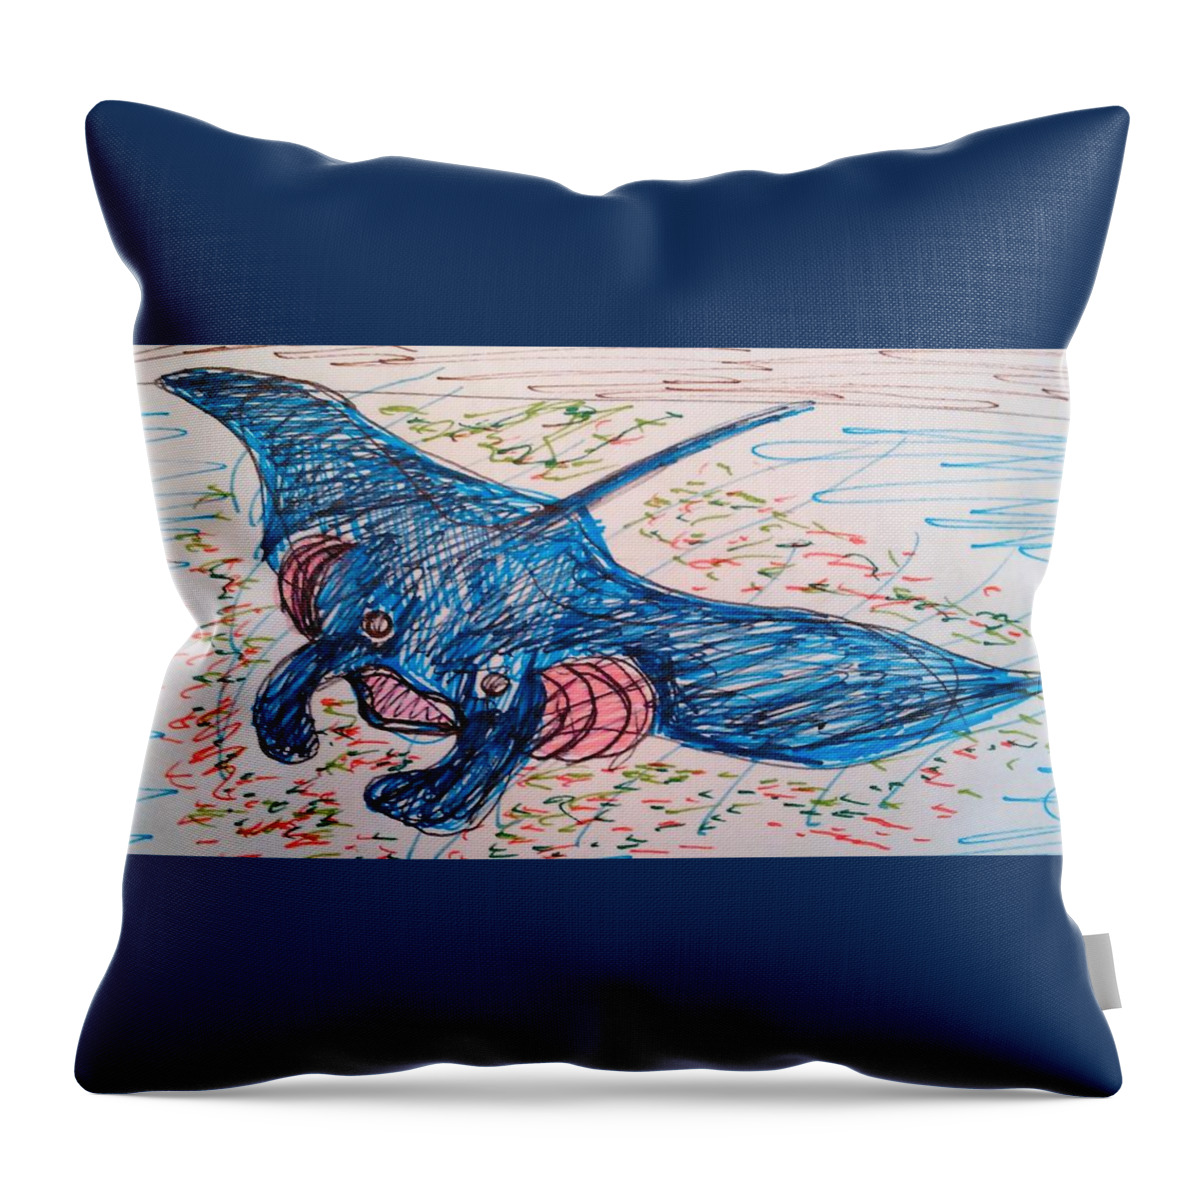 Manta Ray Throw Pillow featuring the drawing The Wise Manta by Andrew Blitman
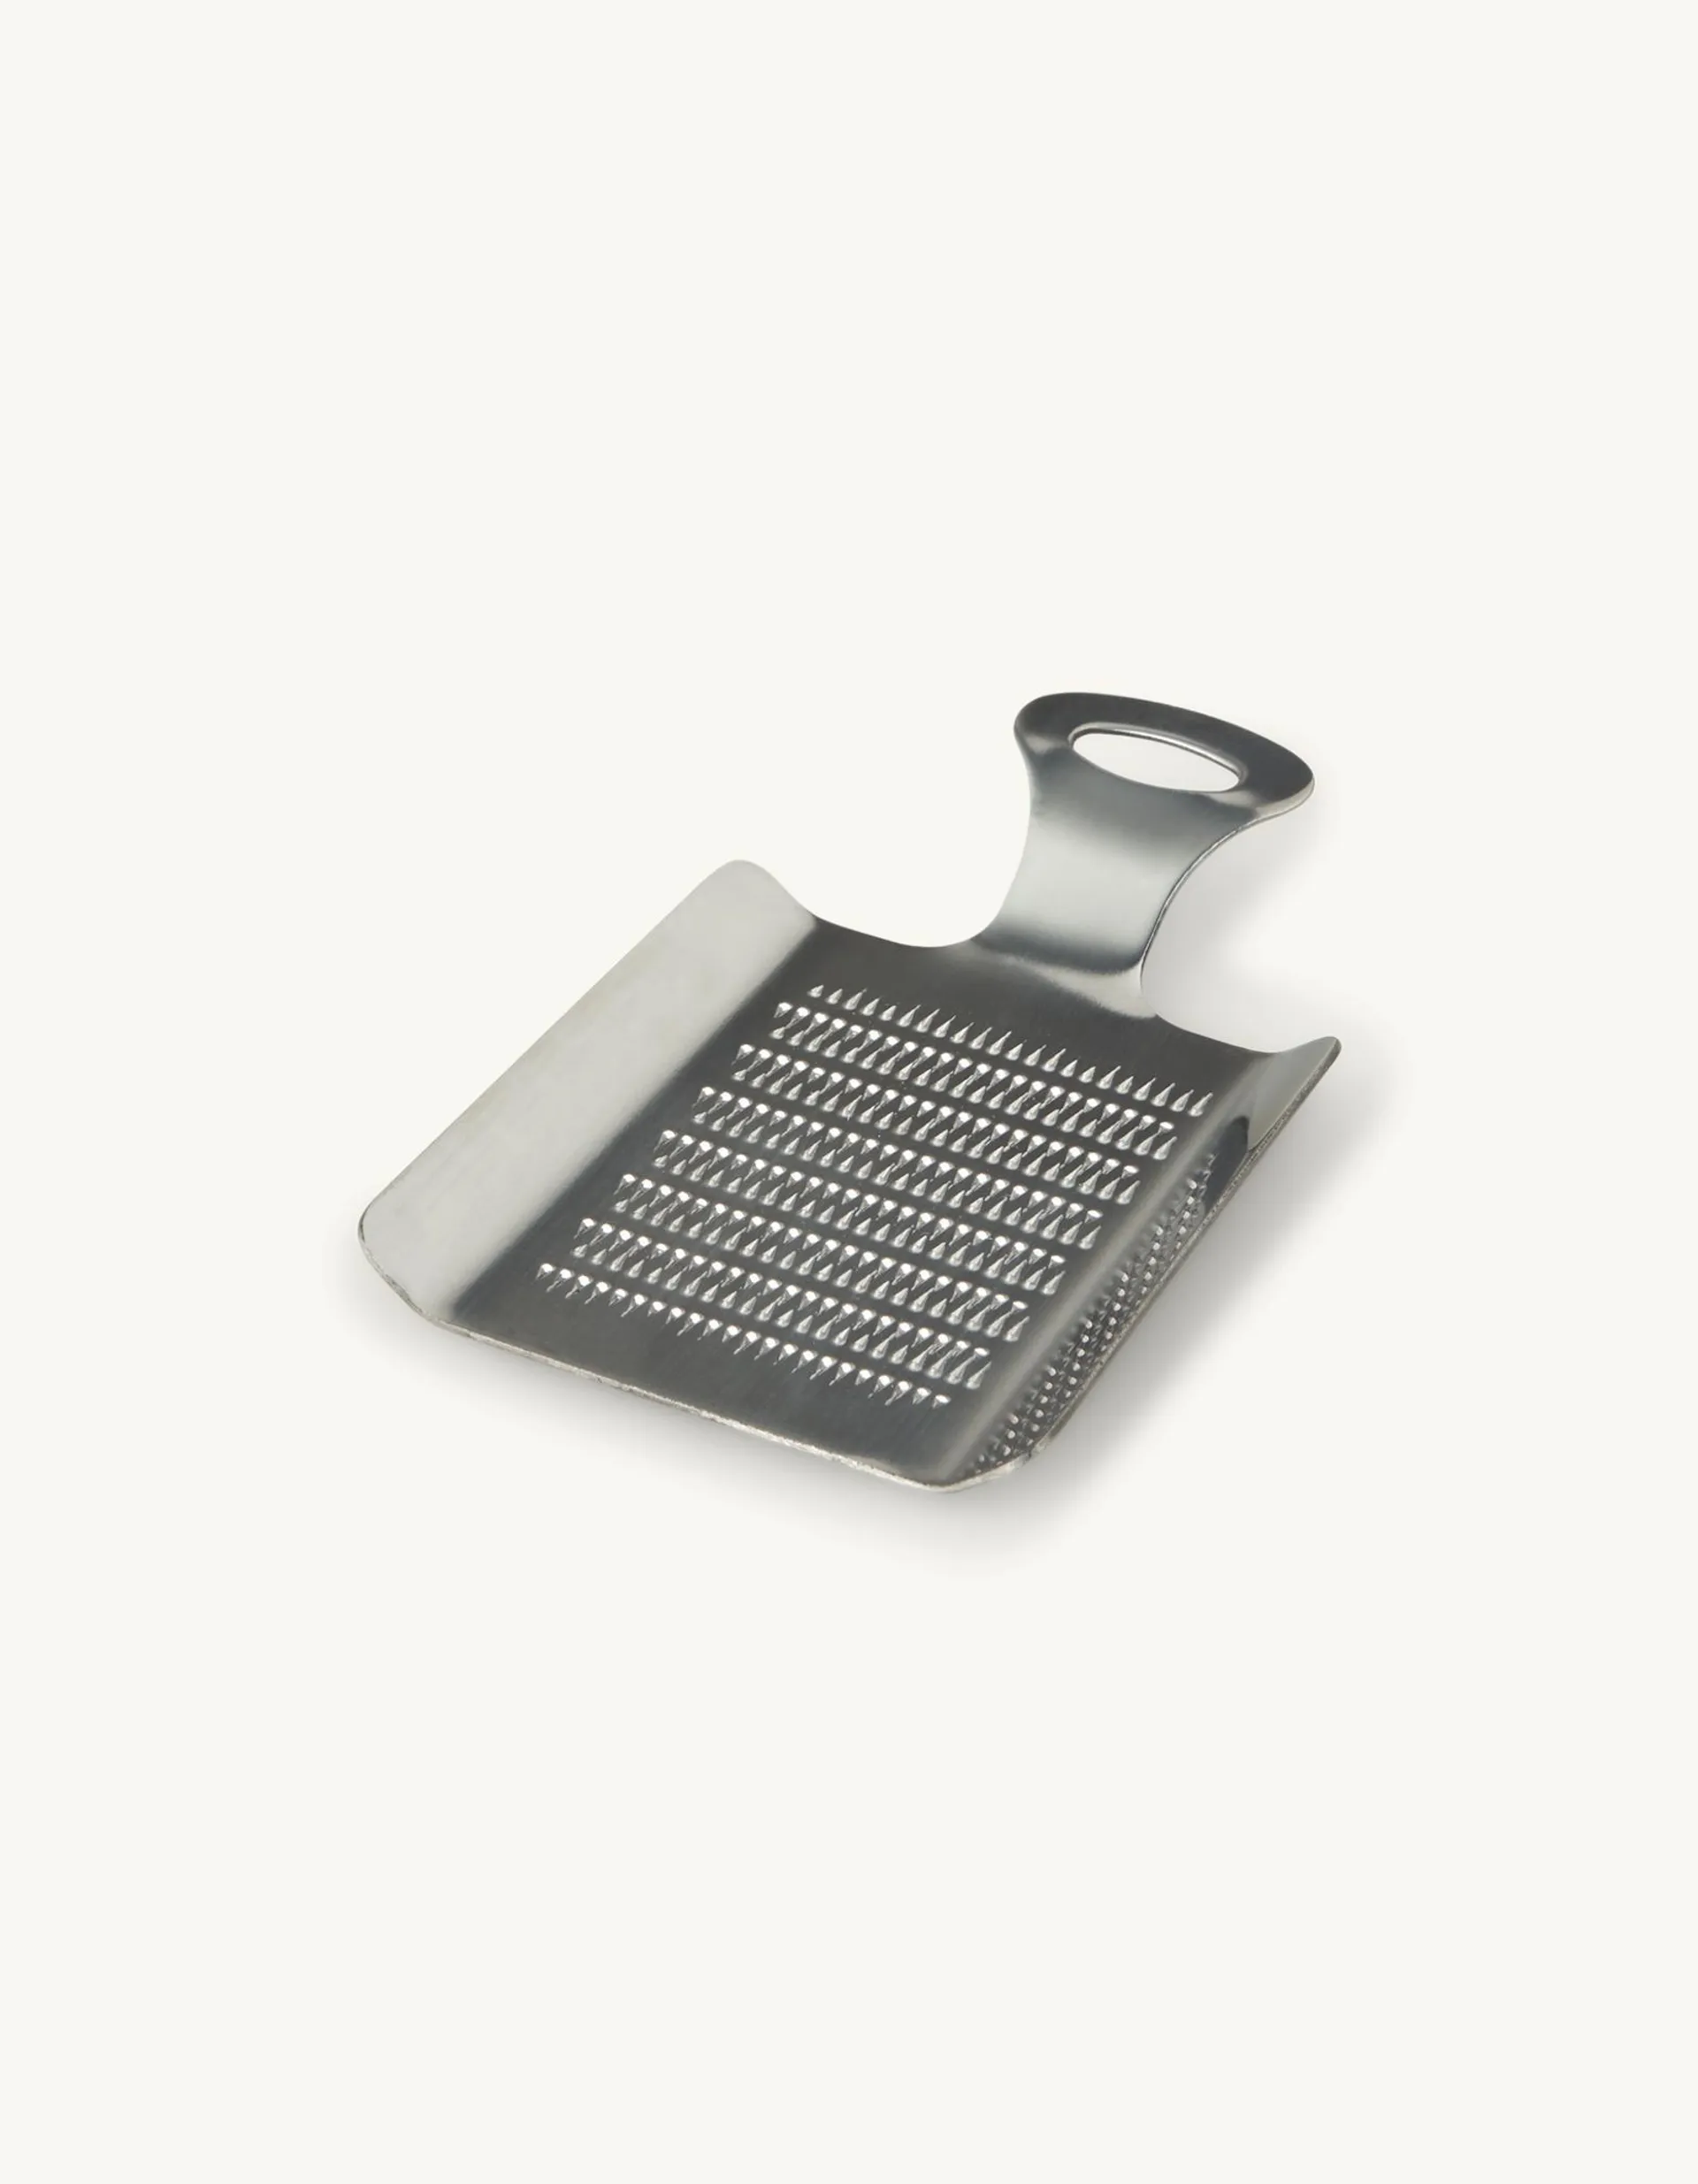 Mini grater Stainless steel. 11 x 7 cm.
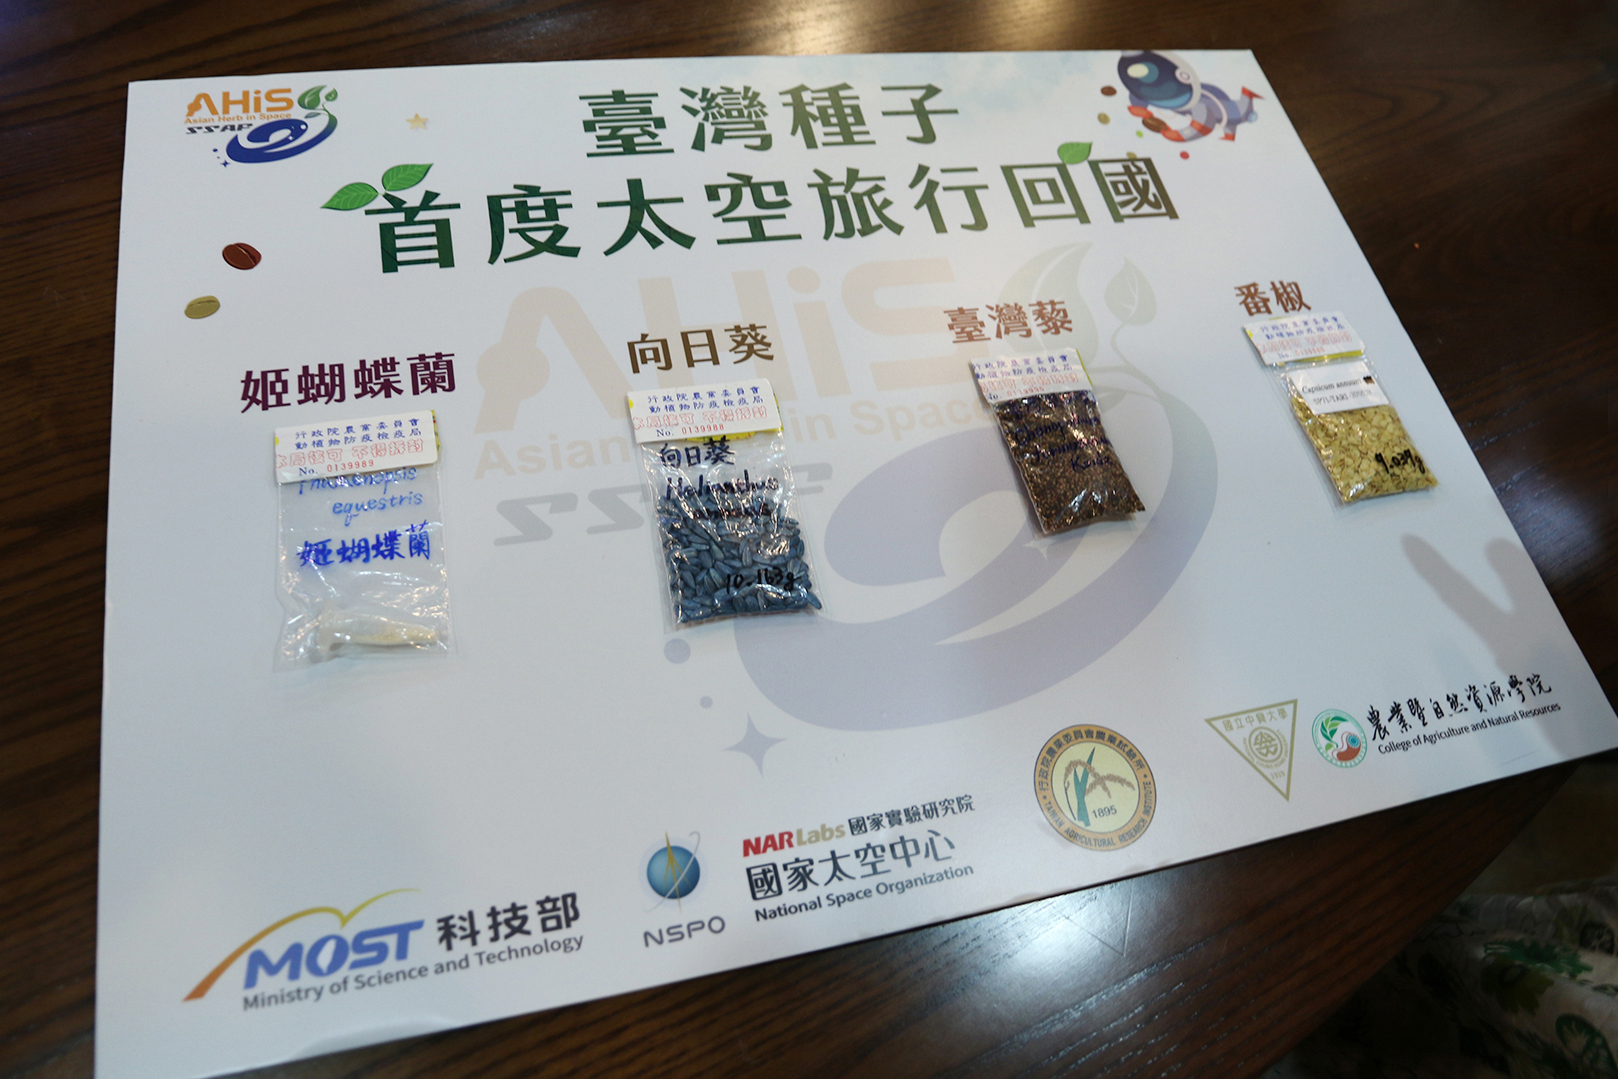 Space Traveled Seeds Arrived National Chung Hsing University on September 16
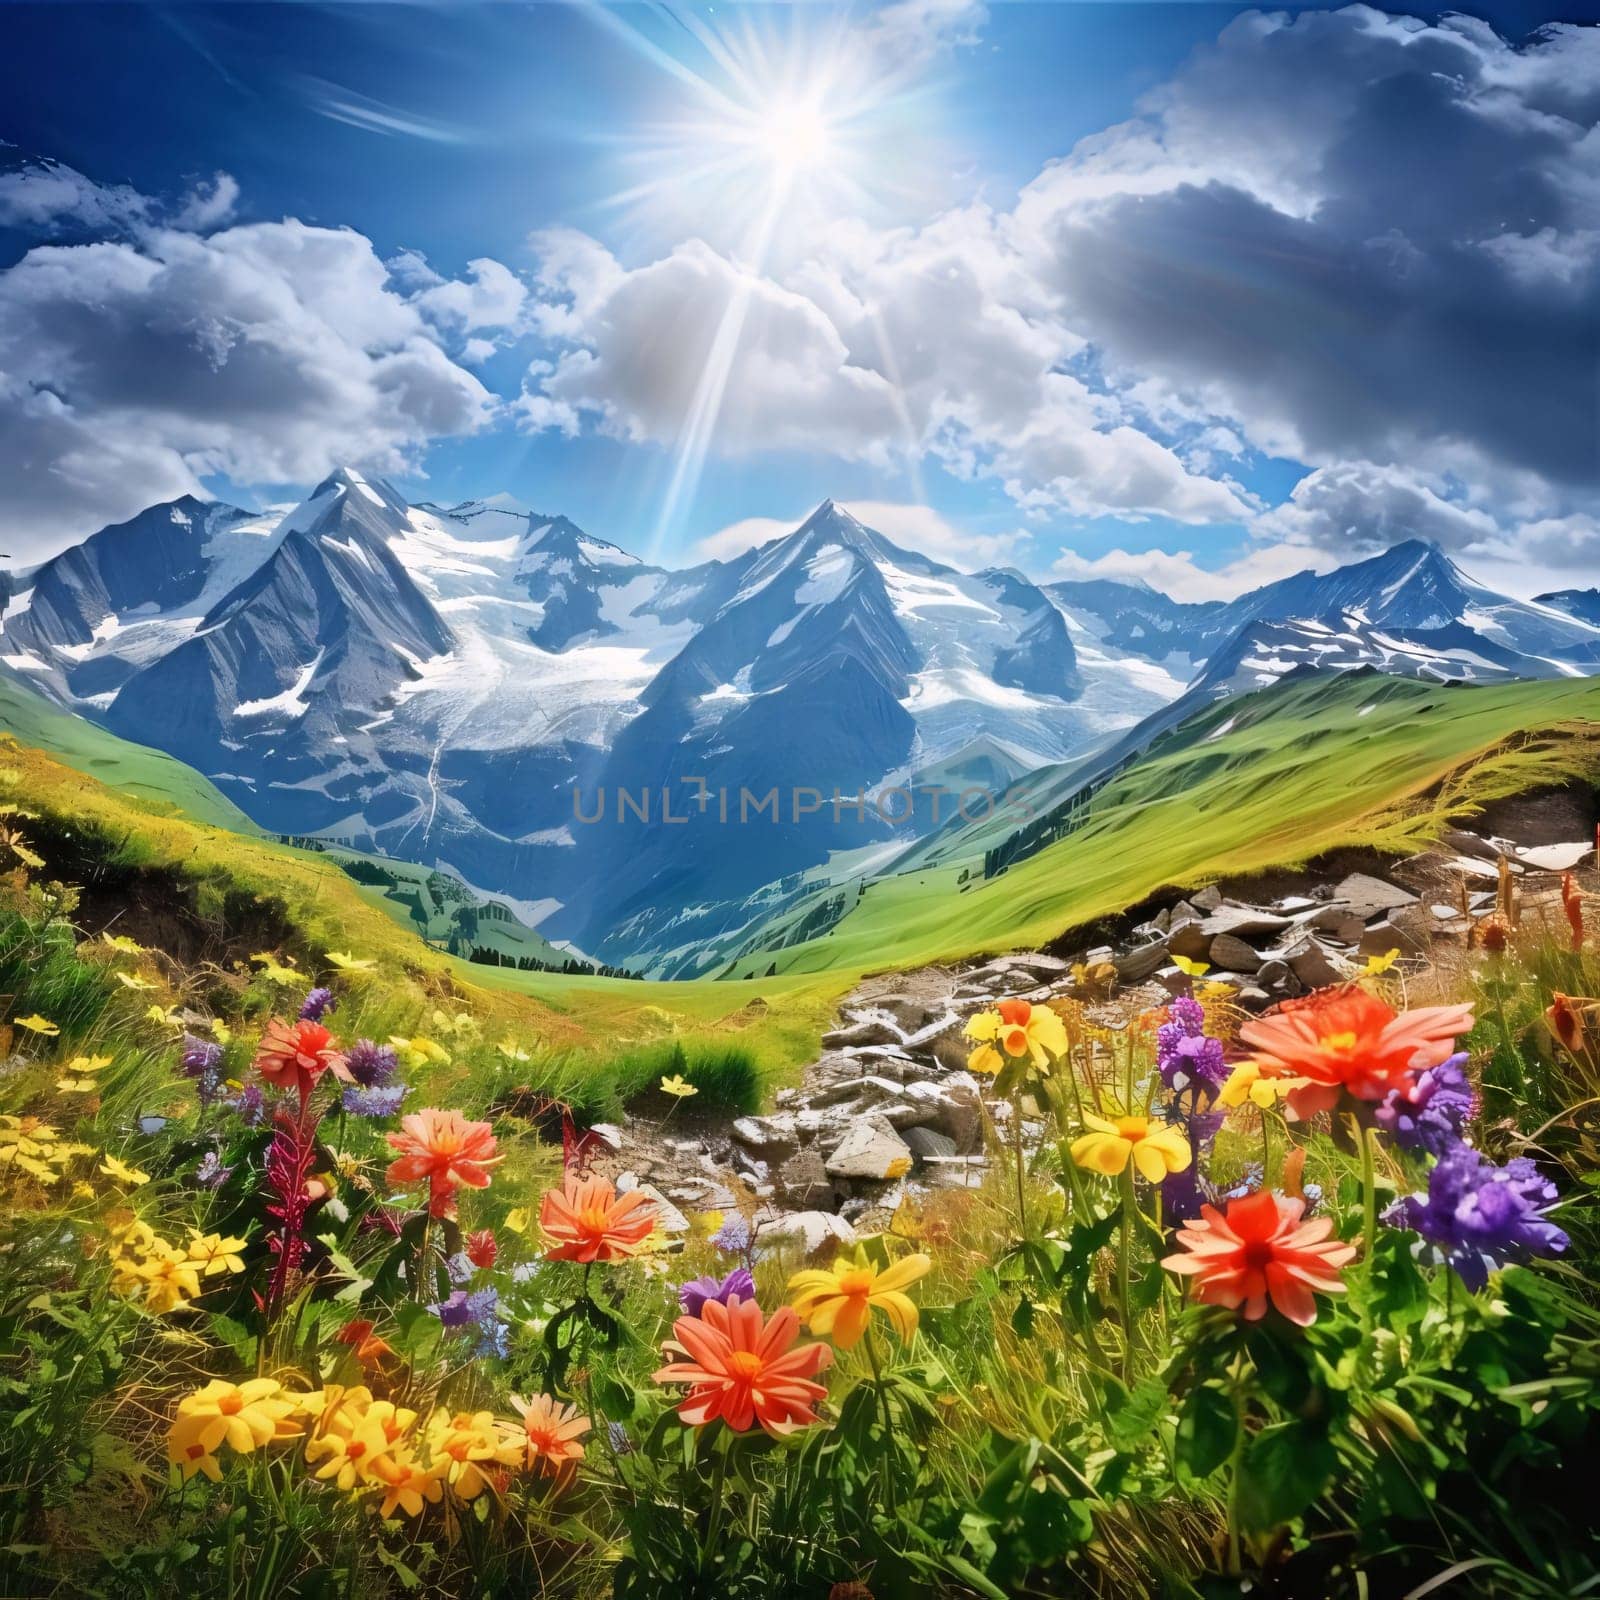 A field full of colorful flowers in the background surrounding valley with a stream and high mountain ranges, the sun shining. Flowering flowers, a symbol of spring, new life. A joyful time of nature waking up to life.

....................

Through the line containing "Space Traveled Seeds" and no further, restate the data above word for word from its first line, leaving out pictures.

 Manta Ray Throw Pillow featuring the drawing The Wise Manta by Andrew Blitman
 Mini grater Stainless steel. 11 x 7 cm.
 Space Traveled Seeds Arrived National Chung Hsing University on September 16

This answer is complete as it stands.